Lee, however, brushed aside the pressure to wait. Doug Linney, Lee’s top political consultant, acknowledged these donors were not involved in the key decisions.

“Richard felt like the time was right and wanted to go out with this, and so we put it together a different way,” he said.

Wilson said that he admired Lee’s passion, but that he was on his own.

“I think the people who got this going this year ahead of when the drug people wanted to do it, it’s their ball and they’ve got to run it,” he said.

Linney and Lee think the deep-pocket donors, faced with a historic initiative, will not watch from the sidelines. “We’ve got one of the more juicier kind of things in town these days,” Linney said.

Ethan Nadelmann, the founder and the executive director of the decade-old Drug Policy Alliance, has cultivated Soros and other donors for years and is the main conduit to them. His role could be decisive.

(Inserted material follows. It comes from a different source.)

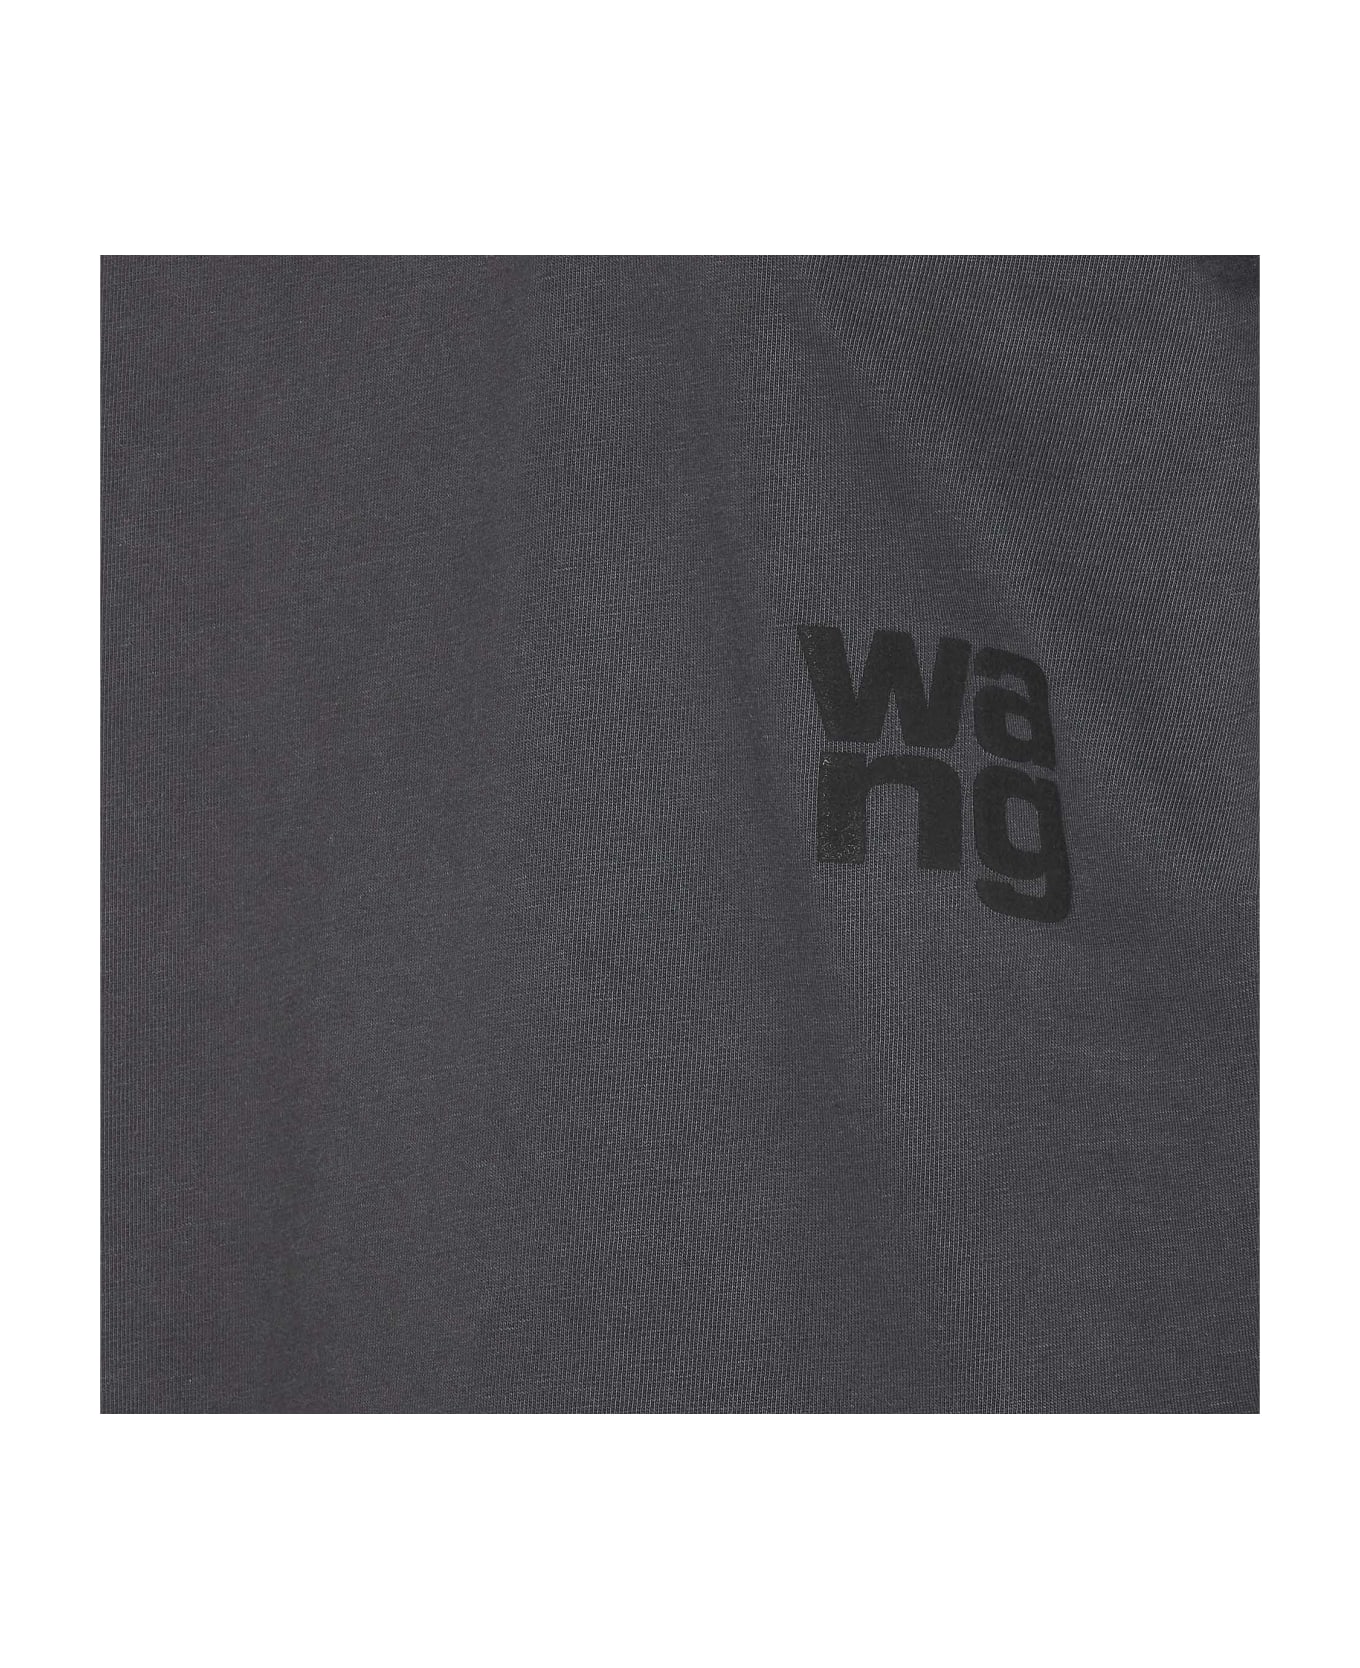 Alexander Wang Logo Print T-shirt - A Soft Obsidian Tシャツ
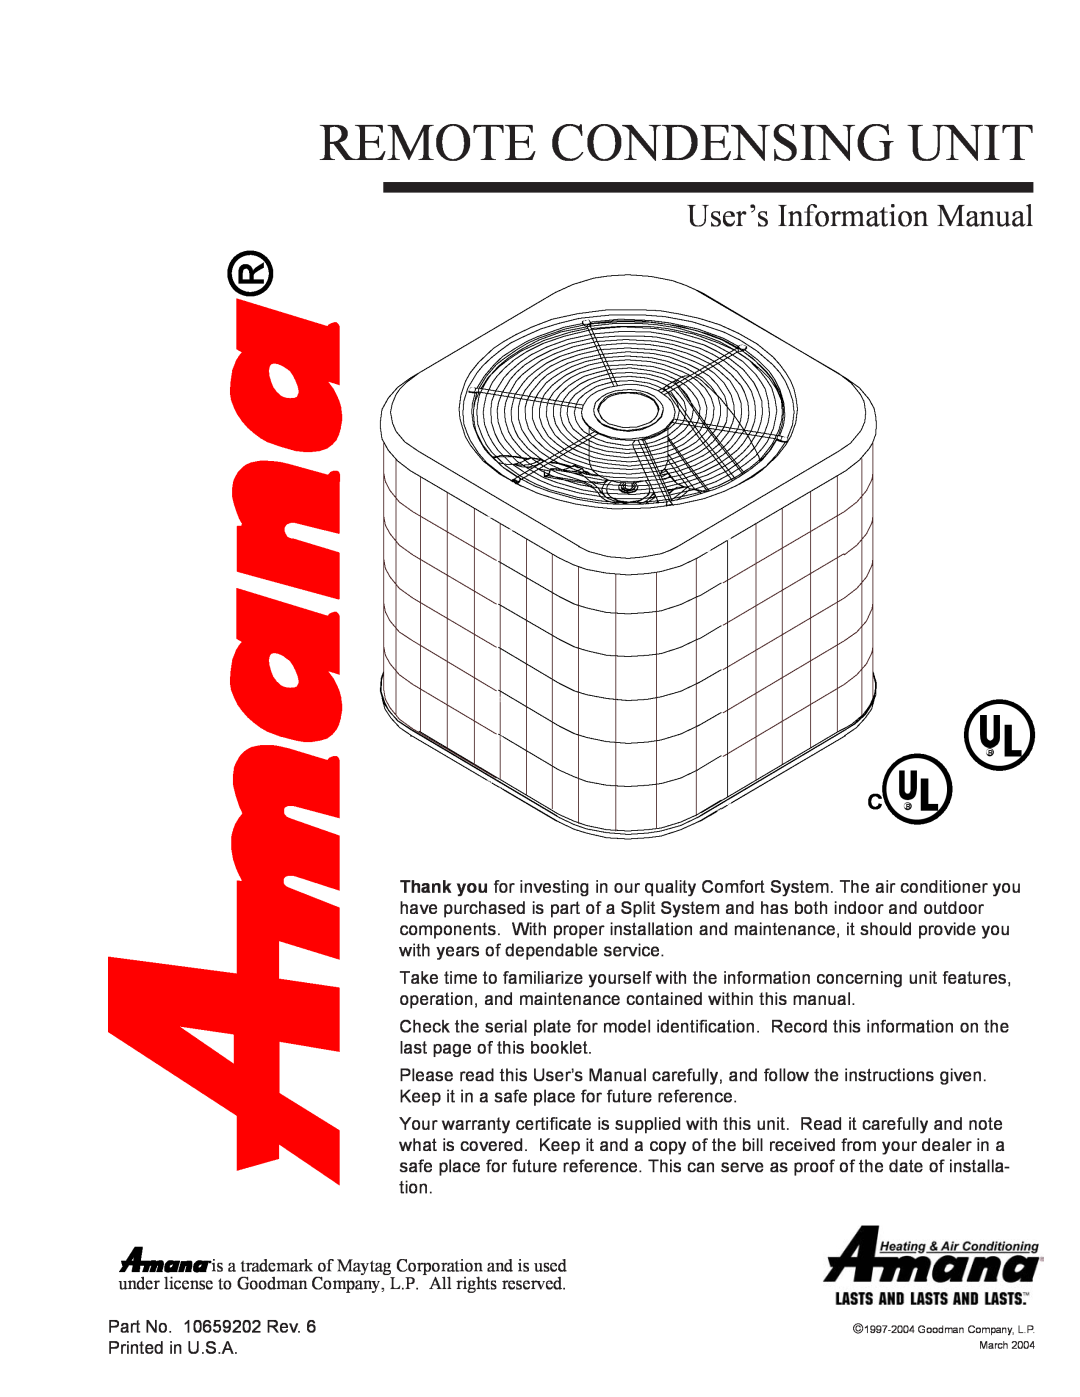 Amana REMOTE CONDENSING UNIT user manual Remote Condensing Unit, User’s Information Manual

“A victory for Prop. 19 would be a major breakthrough,” Nadelmann said, “so I am doing everything I can to help it, including trying to raise significant funds, but it’s difficult when the polling is 50-50.”

The biggest donor to Proposition 19 besides Lee is Philip D. Harvey, another Drug Policy Alliance backer. Harvey, who started one of the largest retailers of sex toys and pornography, gave $100,000 to the alliance’s committee, which will run an independent campaign for the initiative.

“The war on drugs is one of the most destructive, foolish and wasteful government efforts that we have ever come up with,” said Harvey, who now runs a foundation that promotes birth control in impoverished countries. “We put hundreds of thousands of perfectly peaceful people behind bars. I think it’s obscene.”

Harvey, who said he was almost sorry to say he didn’t get much out of smoking marijuana, said he was thrilled to see a legalization initiative on the ballot and was not dissuaded by the polls.

“It’s going to be close,” he said. “I understand that.”